══ INFORMATION PROVIDED

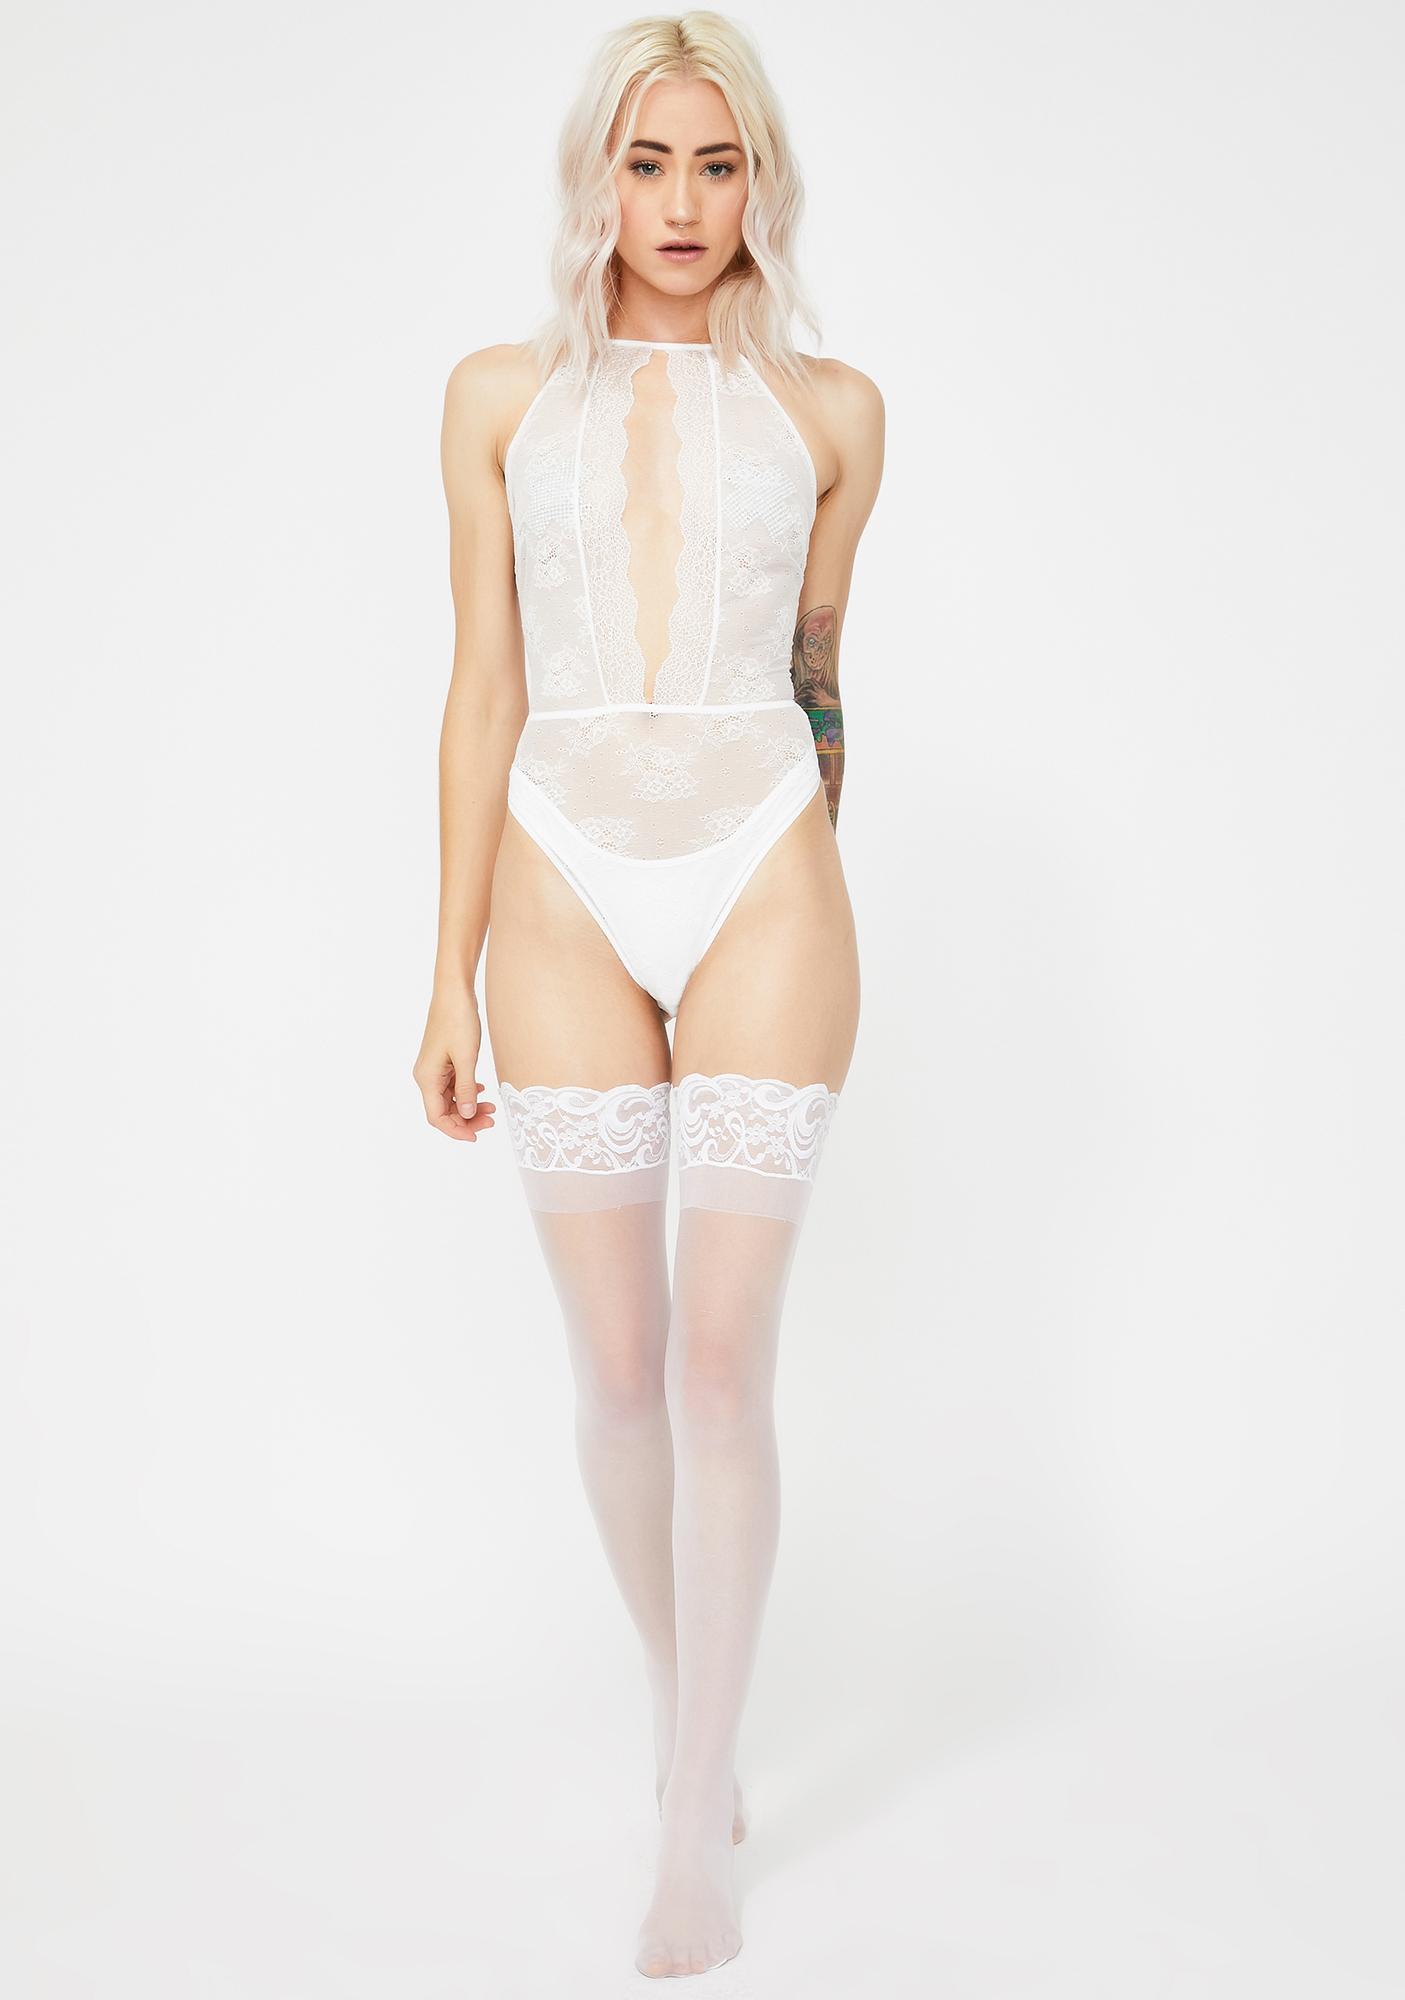 Momokrom Lace Halter Cut Out Bodysuit
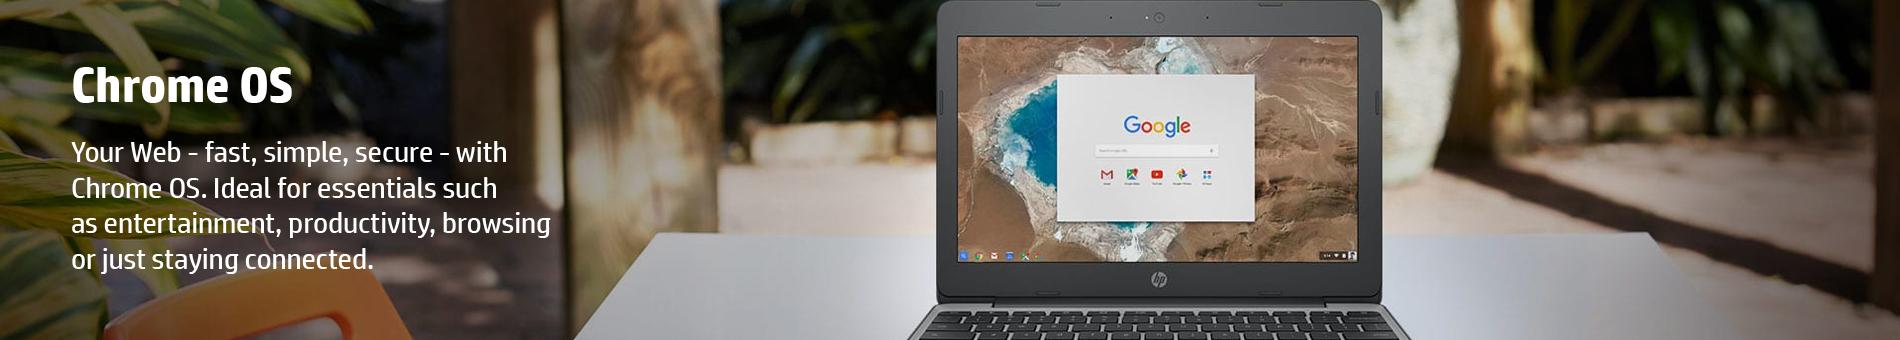 Hp Chromebook General Sale Tile1
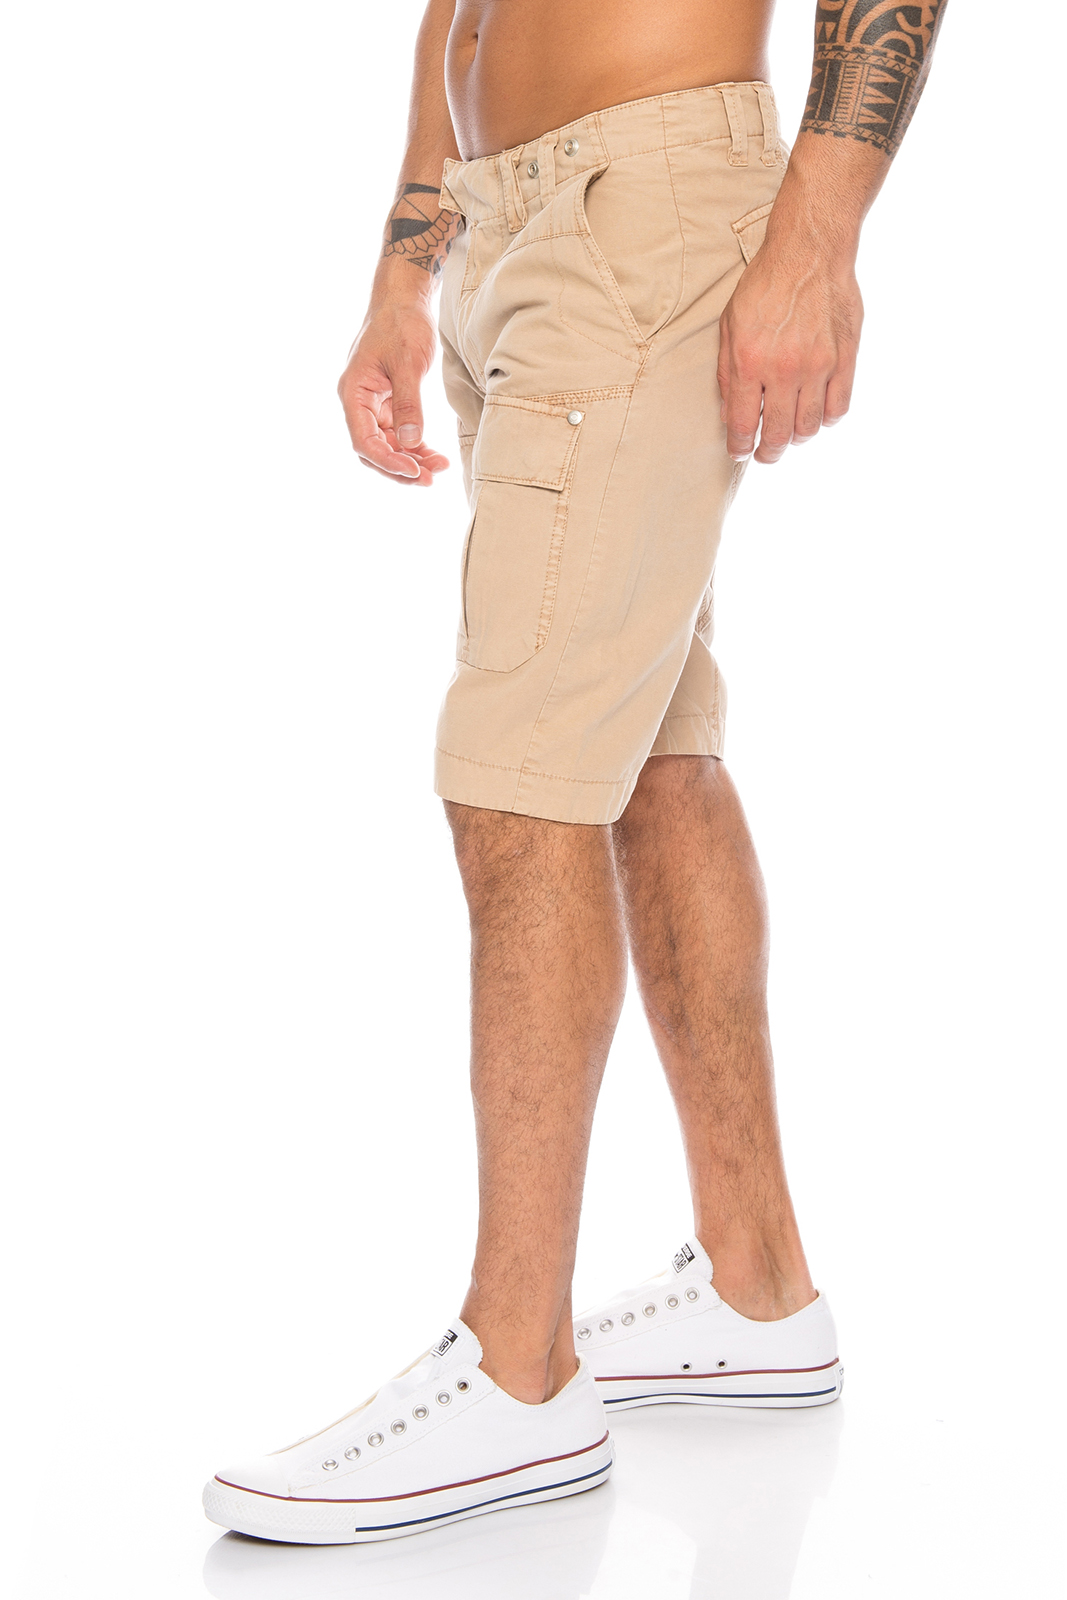 cargoshorts herren bermuda hose shorts cargo capri seitentasche s 3xl h 023 neu ebay. Black Bedroom Furniture Sets. Home Design Ideas
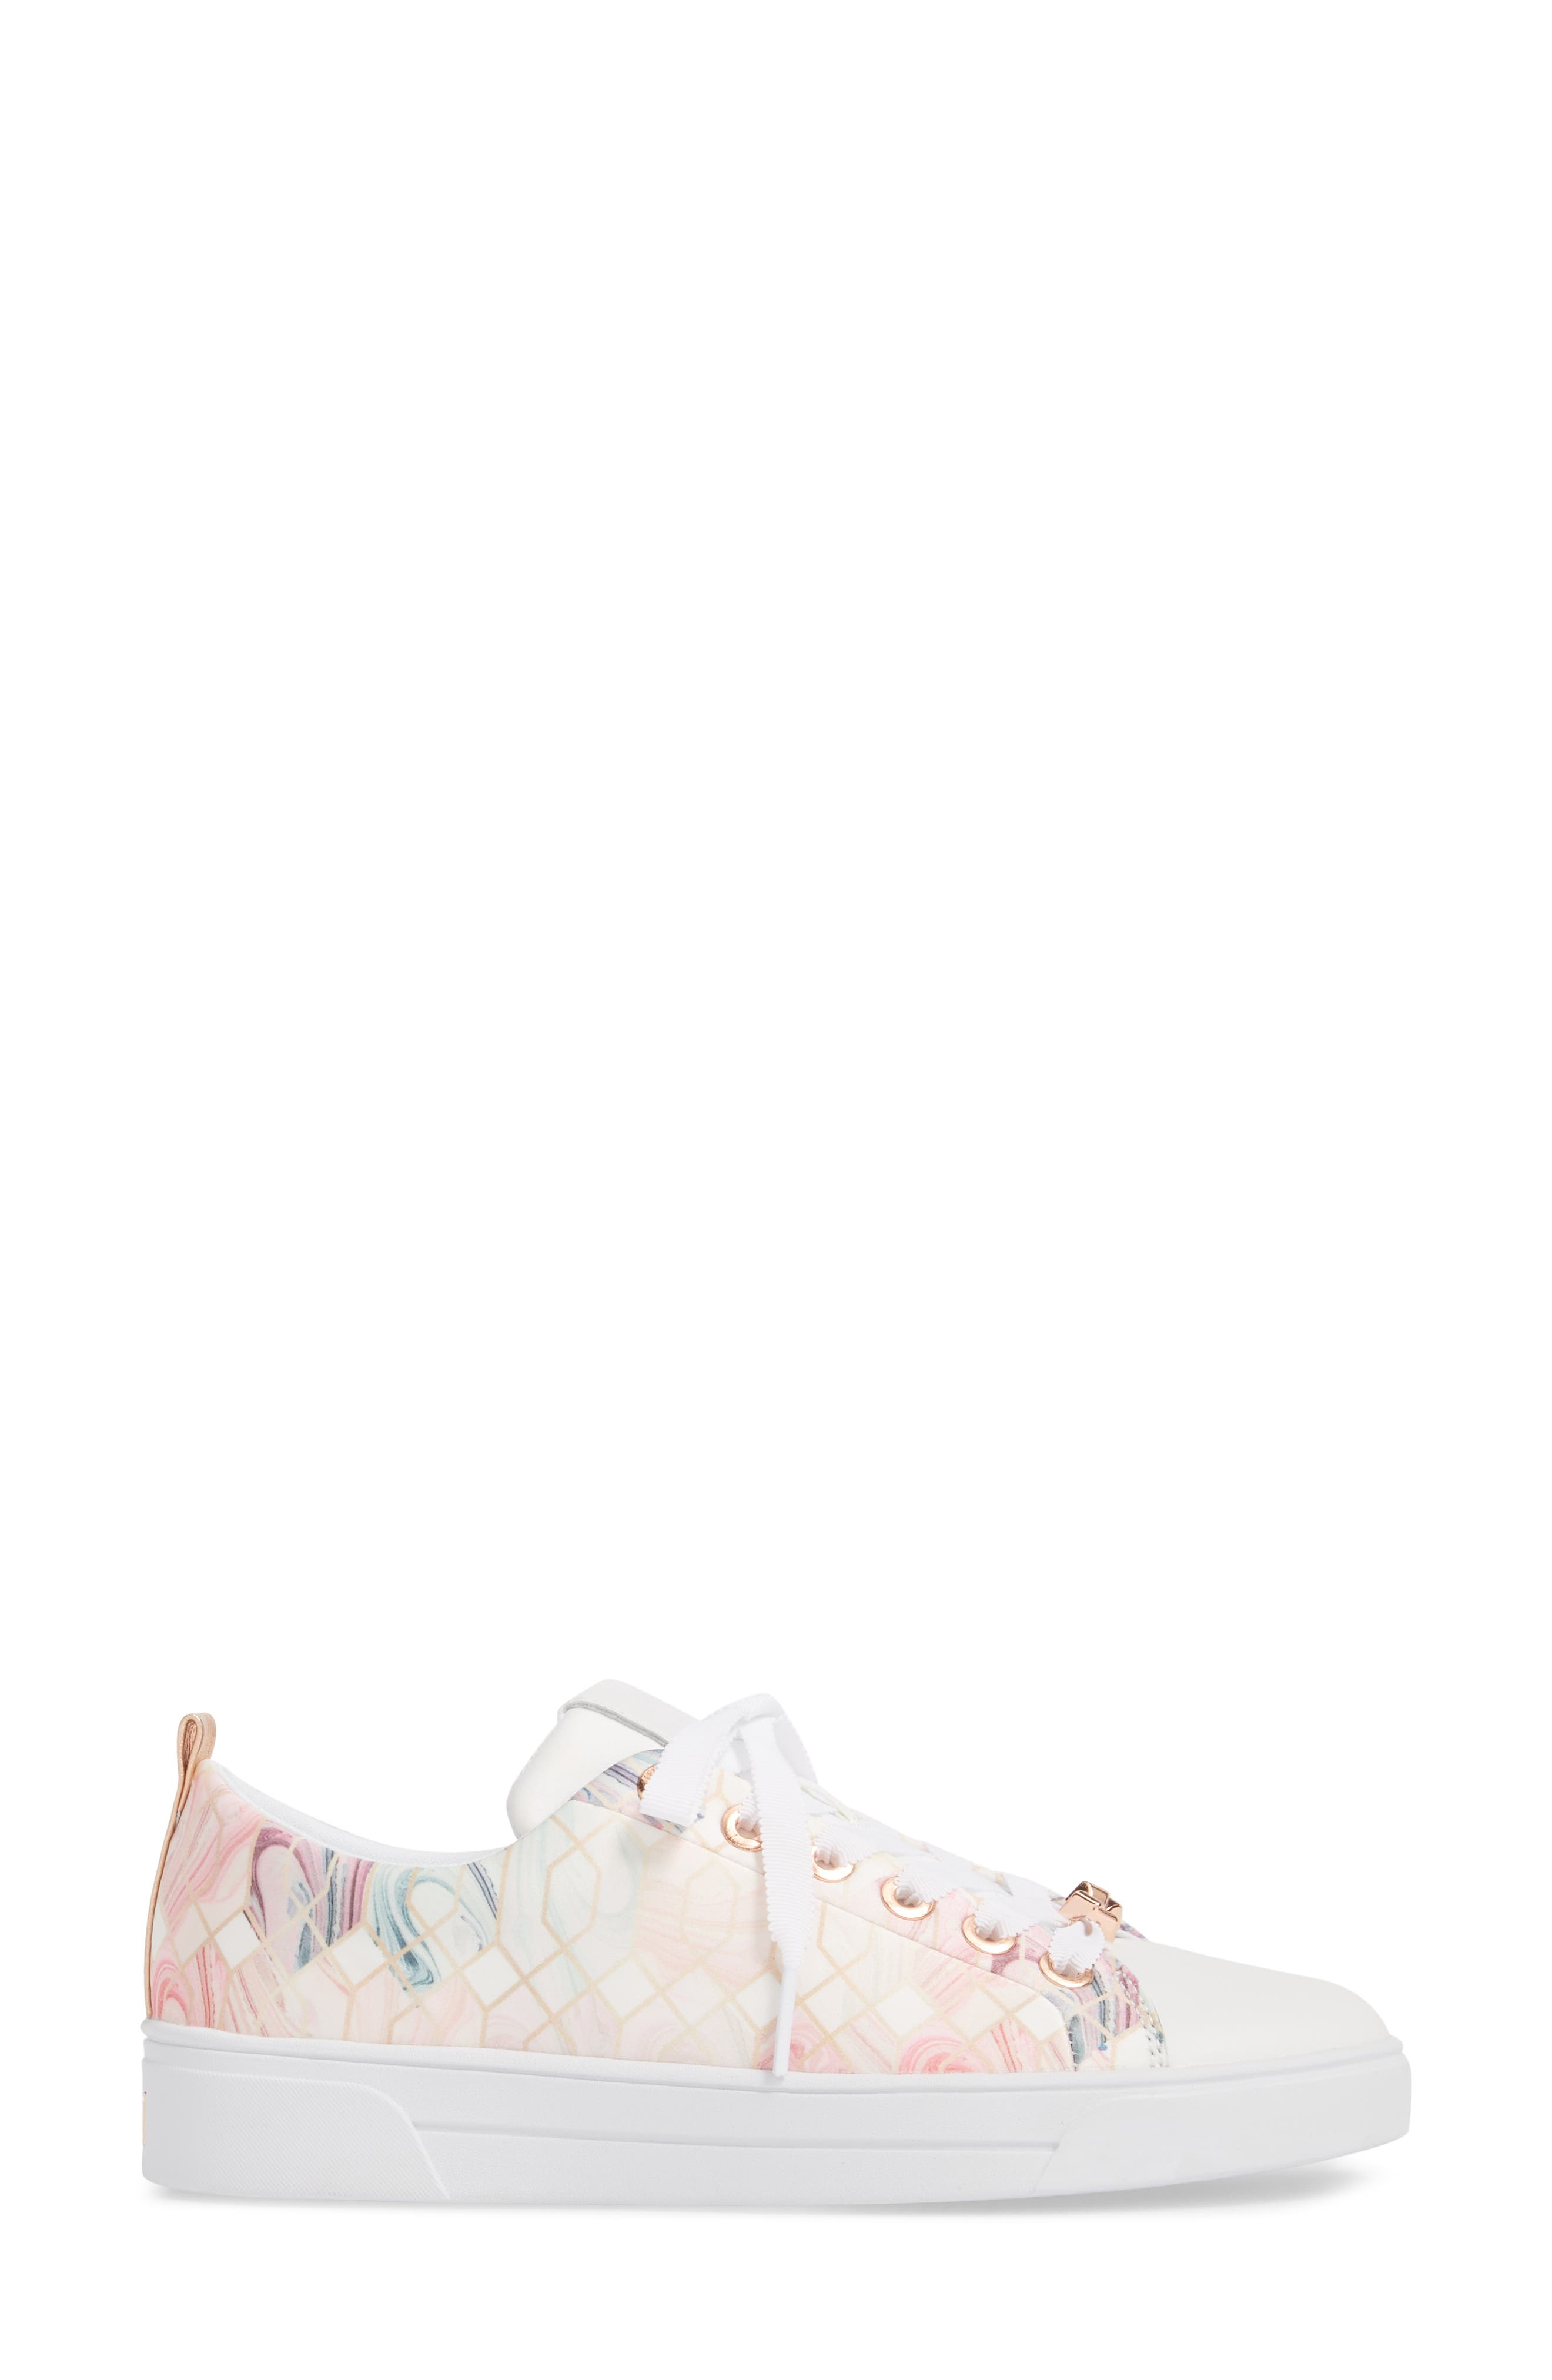 Ahfira Sneaker,                             Alternate thumbnail 3, color,                             Sea Of Clouds Print Fabric

════

§ ASSIGNED TASK:
Everything above except the pictures needs to be reproduced exactly.

§ WRITTEN ANSWER:
 Momokrom Lace Halter Cut Out Bodysuit
 Hp Chromebook General Sale Tile1
 cargoshorts herren bermuda hose shorts cargo capri seitentasche s 3xl h 023 neu ebay. Black Bedroom Furniture Sets. Home Design Ideas
 Ahfira Sneaker,                             Alternate thumbnail 3, color,                             Sea Of Clouds Print Fabric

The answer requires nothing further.